-- TASK PROMPT --
Repeat, word for word and with nothing added, each line from the one containing "Personnel Records of" to the final line of the data, keeping both ends. Pictures are not part of the copy.

-- INPUT DATA --
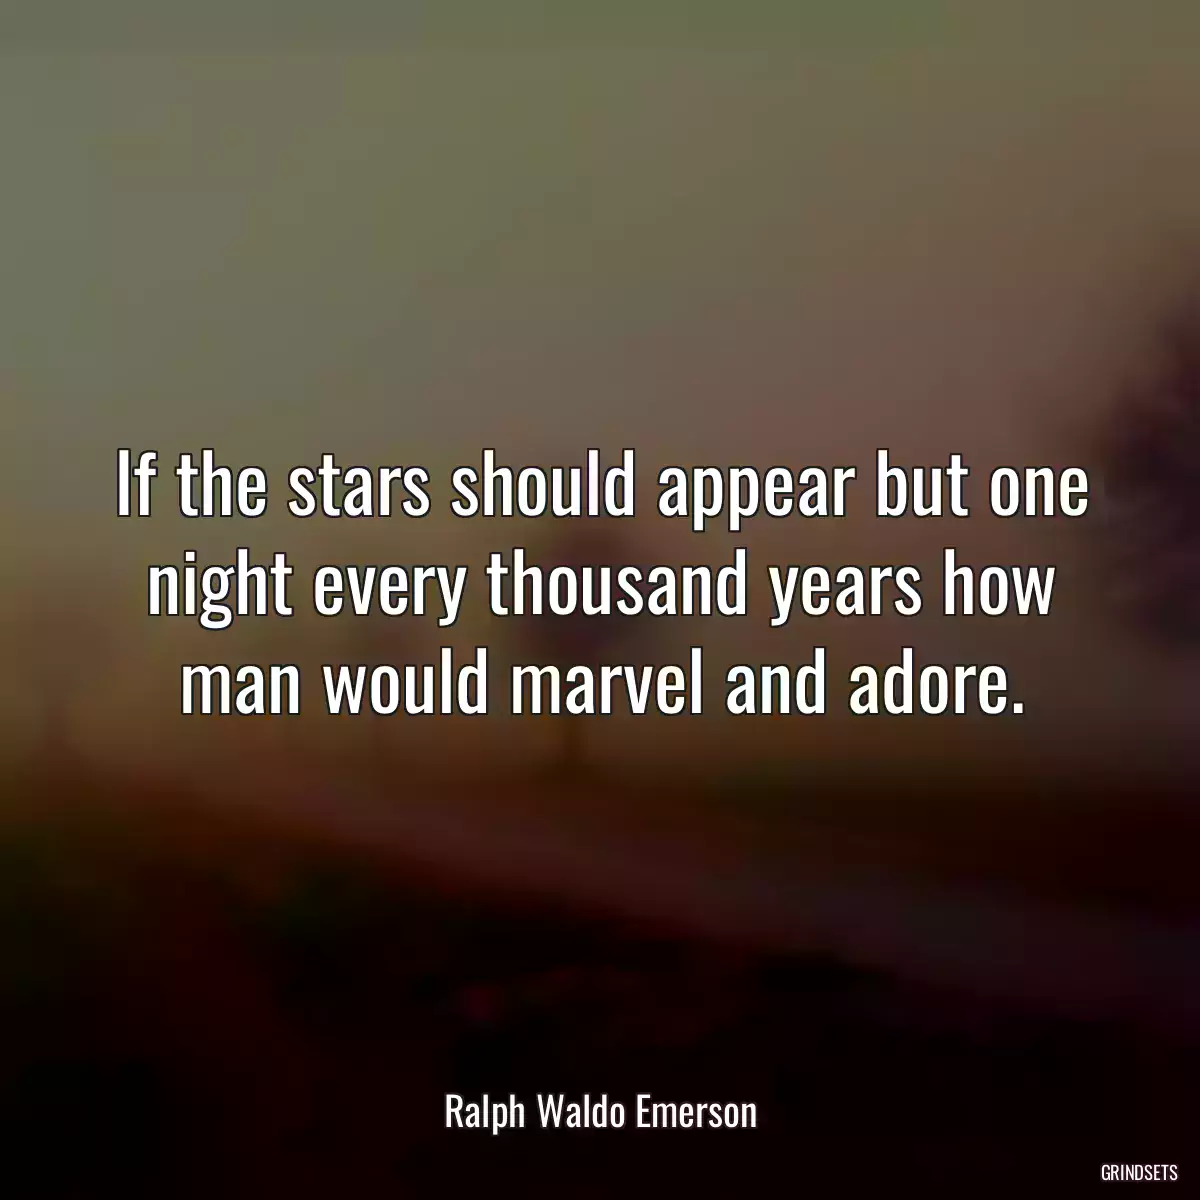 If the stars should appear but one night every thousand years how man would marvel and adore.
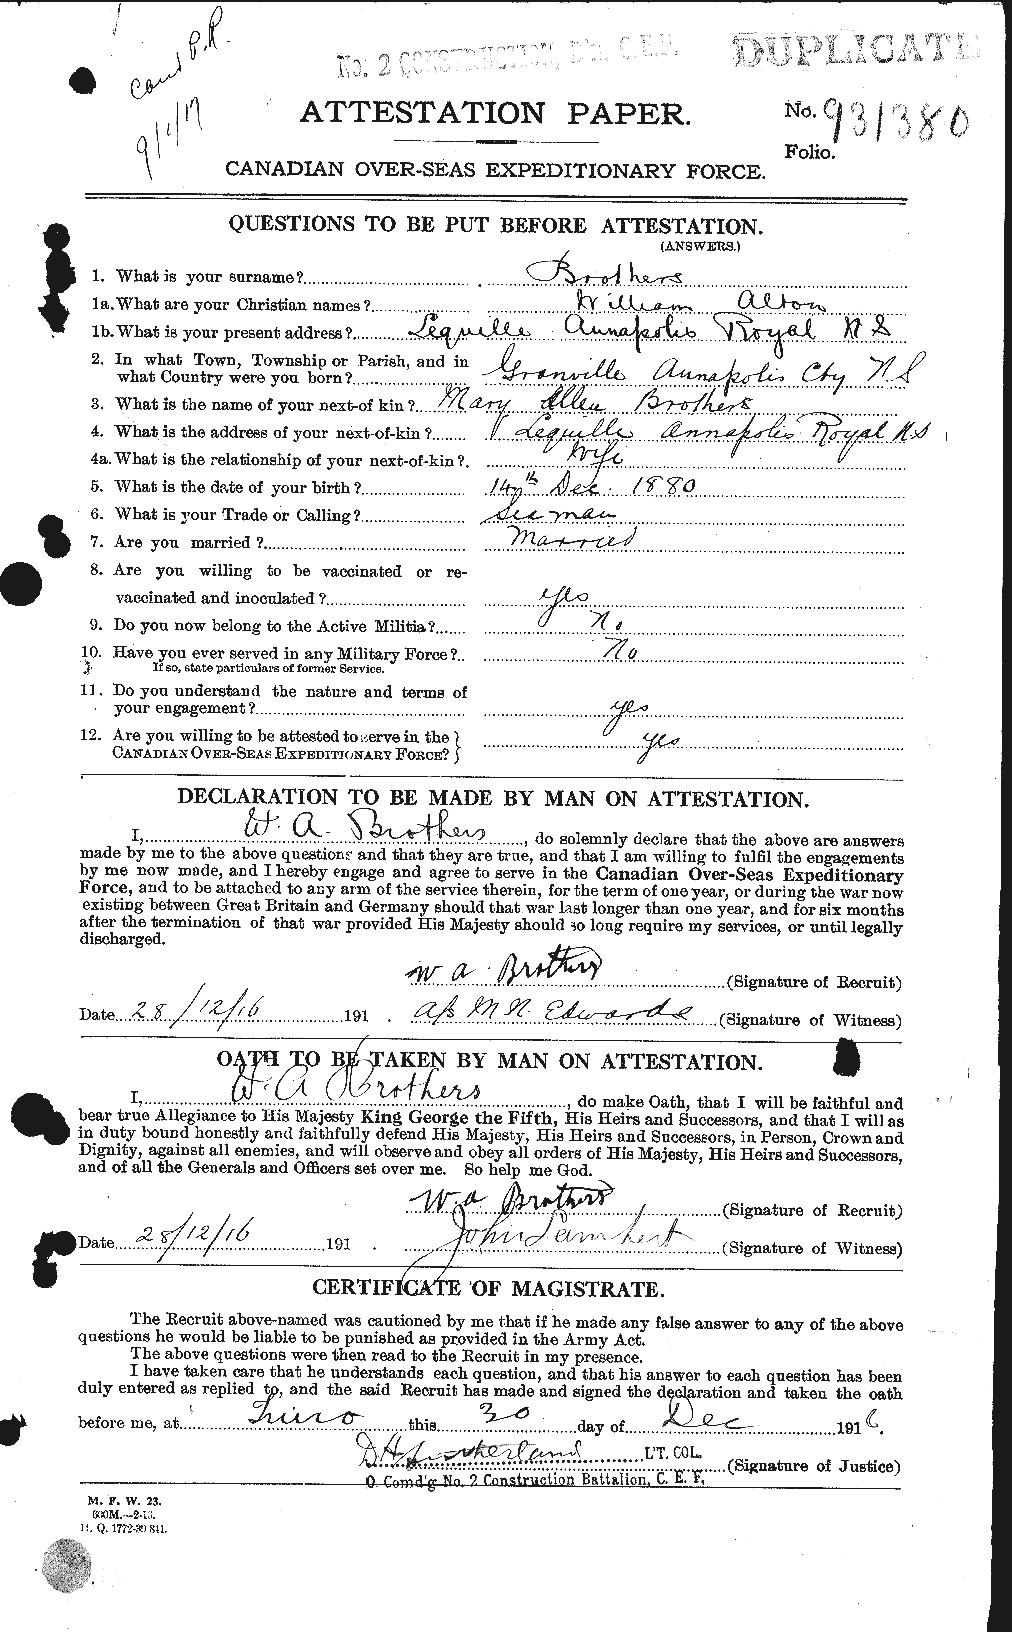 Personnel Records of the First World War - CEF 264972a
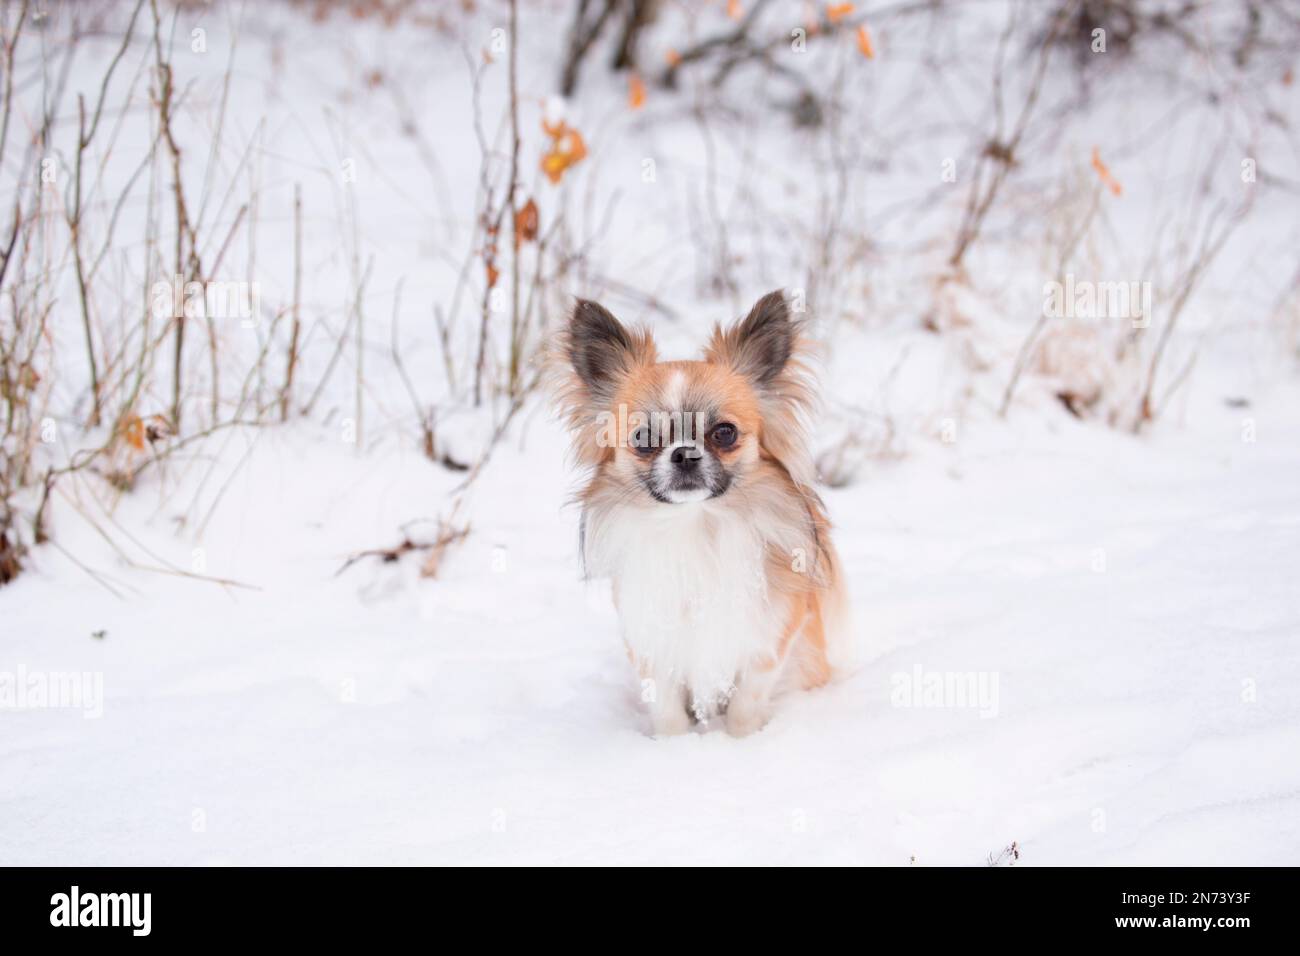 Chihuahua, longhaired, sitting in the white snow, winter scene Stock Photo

-- ANSWER BELOW --
 Personnel Records of the First World War - CEF 264972a
 Chihuahua, longhaired, sitting in the white snow, winter scene Stock Photo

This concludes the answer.